Where is the creativity to exploit the astonishing audio technology these game platforms represent? Where is the console game soundtrack that's like nothing i've ever heard before, that makes me go "woah, nice! how'd they do that?" Xbox 360 supports over two HUNDRED simultaneous channels of hi-rez stereo audio streams ... can't we use this for something more musically intriguing, more aesthetically adventurous, more rhythmically fascinating, more emotionally riveting, more spiritually enlightening, than simply going boom-boom-boom while bullets whiz past your head!?
(Note: most interesting soundtrack i've heard this year ... electroplankton for Nintendo DS!)
2. Games That Break Their Own Paradigm
this one really sets my teeth on edge! look, mr. game designer, mr. license publisher, mr. big-time hollywood producer ... if i'm gonna shell out my hard earned bucks for a Batman game, there better not be a scene where Batman picks up a gun and shoots the bad guy in the head, right? Bats, he don't do that, and if i wanted to shoot bad guys in the head, i'd play Grand Theft Auto!
I see this kind of thing all the time ... years ago, i played "Star Trek: Borg", and in the opening cinematic, you're a starfleet cadet at the Battle of Wolf 359, you've been hit, the captain has ordered Abandon Ship, and then Q (the trickster) comes to you and sez "i'm giving you a choice:
(A) follow your orders, or
(B) go back in time to screw around with historical events for completely personal reasons"
Now, any good Starfleet Cadet knows that you follow orders (duh!) **especially** when Q (the devil) shows up offering you some whacky deal. So i pressed (A), fully expecting Q (the prankster) to say "Fu-Q, buddy, i'm sending you back anyway, good luck with that!" which would've been just like him. let's face it, folks, Q is kind of an asshole!
BUT instead ... the game ENDED, stopped, thanks for playing, please try again! The only way to actually play the game was to choose to follow Q against Captain's Orders, and that's just so out of character, so lame, so non-Trekkie, it ruined the whole experience for me. really people, did you even WATCH the show!?

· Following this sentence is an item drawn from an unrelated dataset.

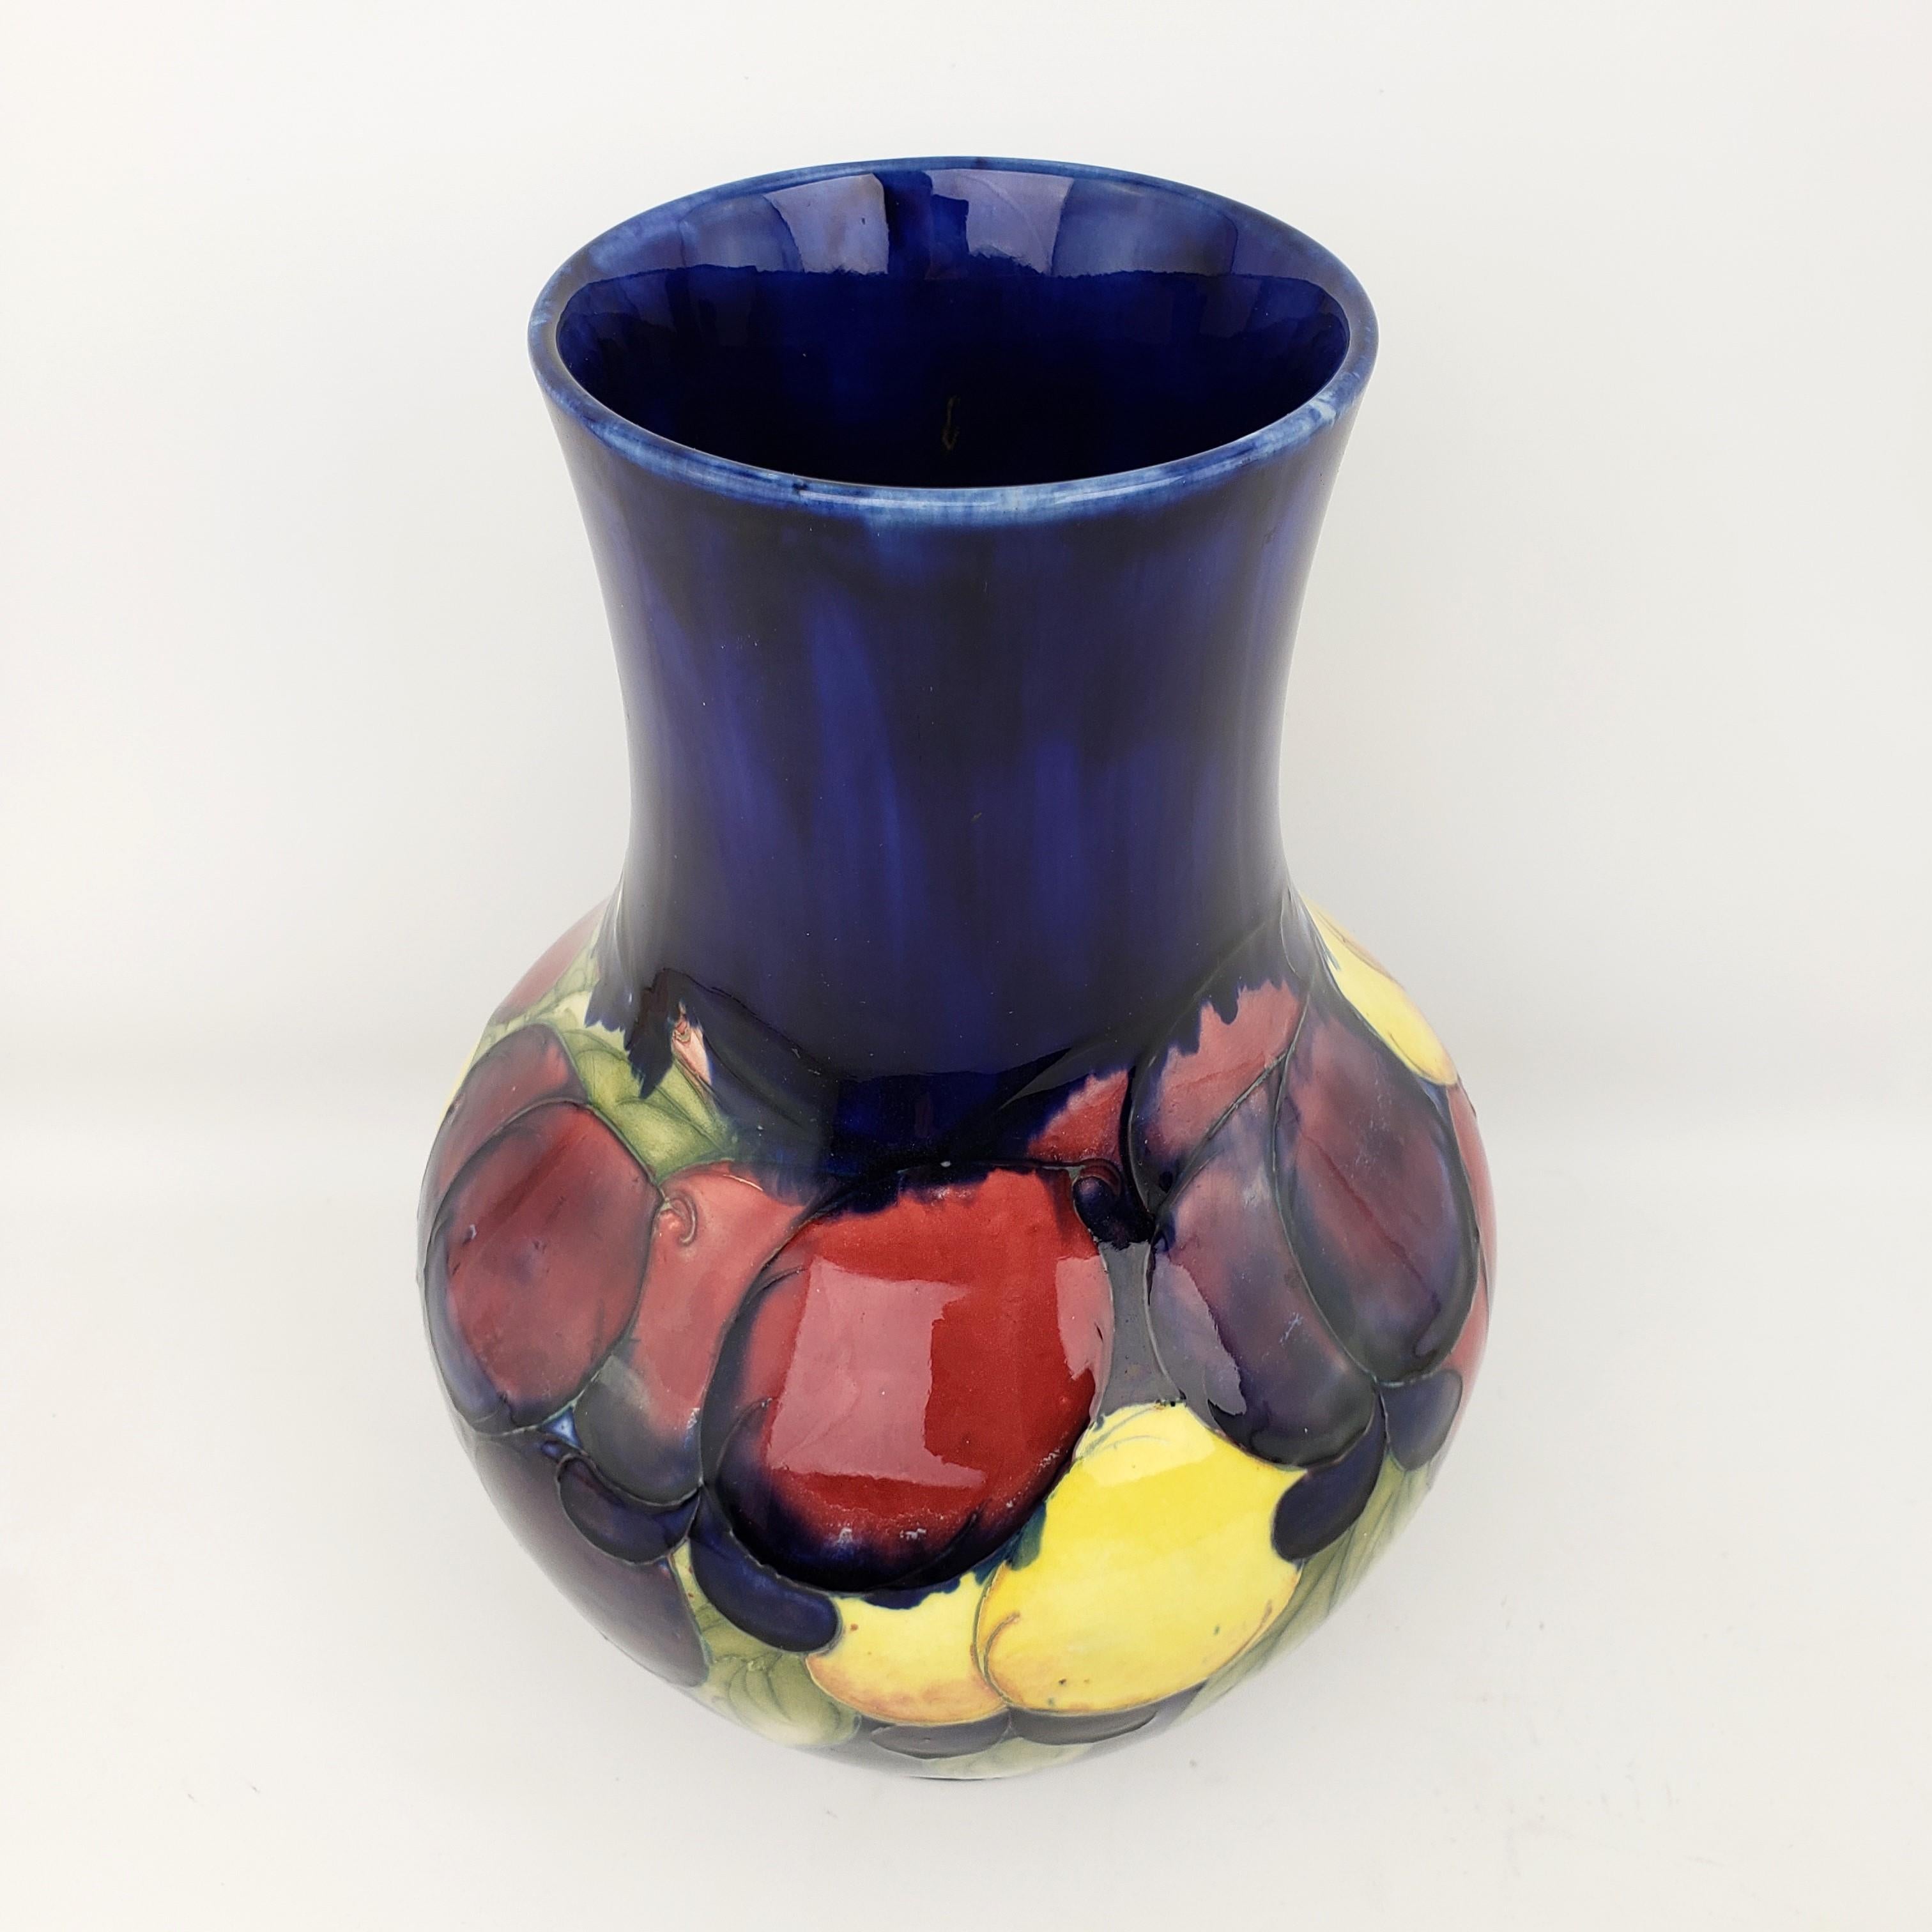 A large size and lovely vase beautifully decorated in 'Wisteria' pattern; designed and produced by William Moorcroft. It features fine tube lining and rich colours on a deep cobalt blue ground.

And the trend continues: i recently played a cell phone game called "Peter Jackson's King Kong" because i absolutely LOVE that movie. i've seen the original many times, and the new one is simply a marvel of technology and romance, so when it shows up in a long list of incomprehensible titles and anime graphix, i push "buy, please!"

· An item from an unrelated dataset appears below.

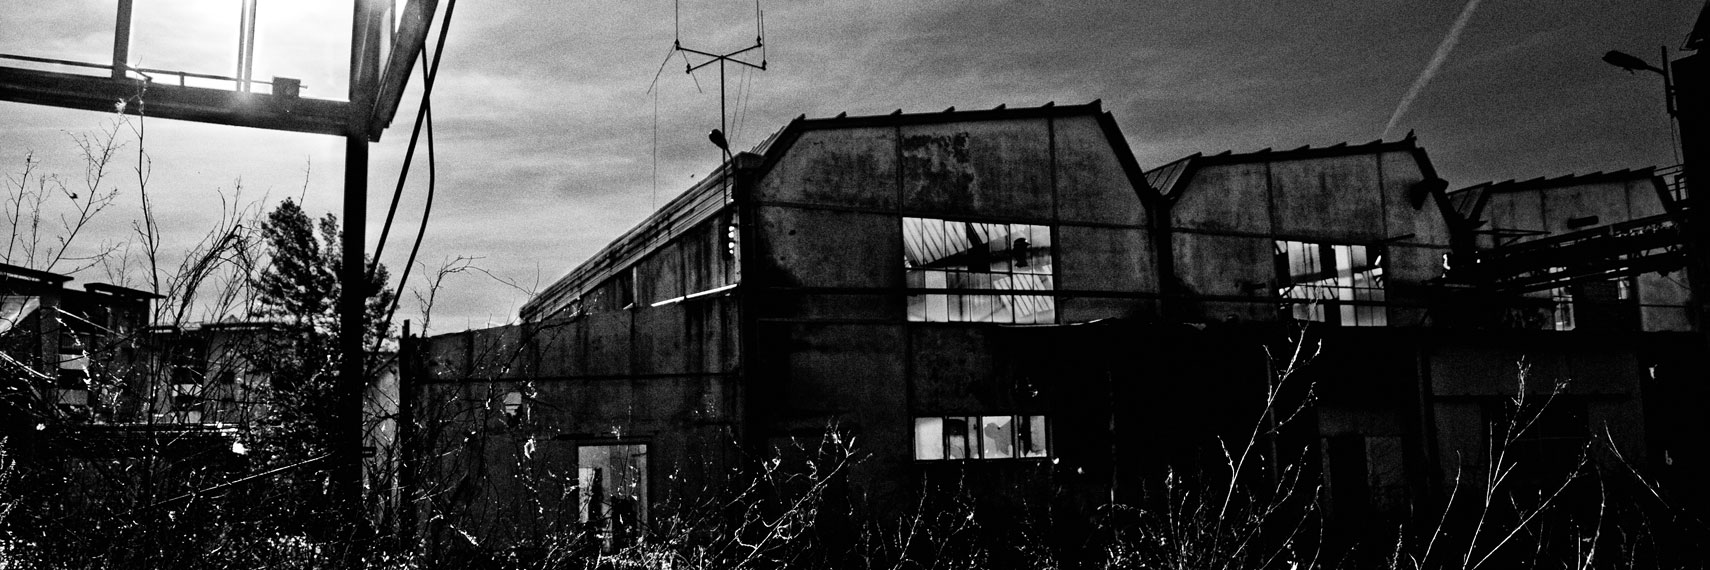 ITALY. Florence, 29th May 2011. A displaced factory in the city outskirts.

And of course, it's Donkey Kong ... now this doesn't bother me much. given the power and screen size of cell phones, it's fine, and i use the 12-key pad to jump lo-rez canyons and climb aliased cliffs, until (uh-oh) i run into one of those pesky dinosaurs, and 5-5-5-5-5 bim bam boom, i beat it down, followed by a good chest thumping and monstrous victory roar (which sounds like an extended mouse fart on the cell phone speaker). All well and good, this is what casual gaming is all about, i'm happy ... until i notice that the dead dinosaur is highlighted as a powerup. i walk over to it and then ... Kong EATS the dinosaur!!!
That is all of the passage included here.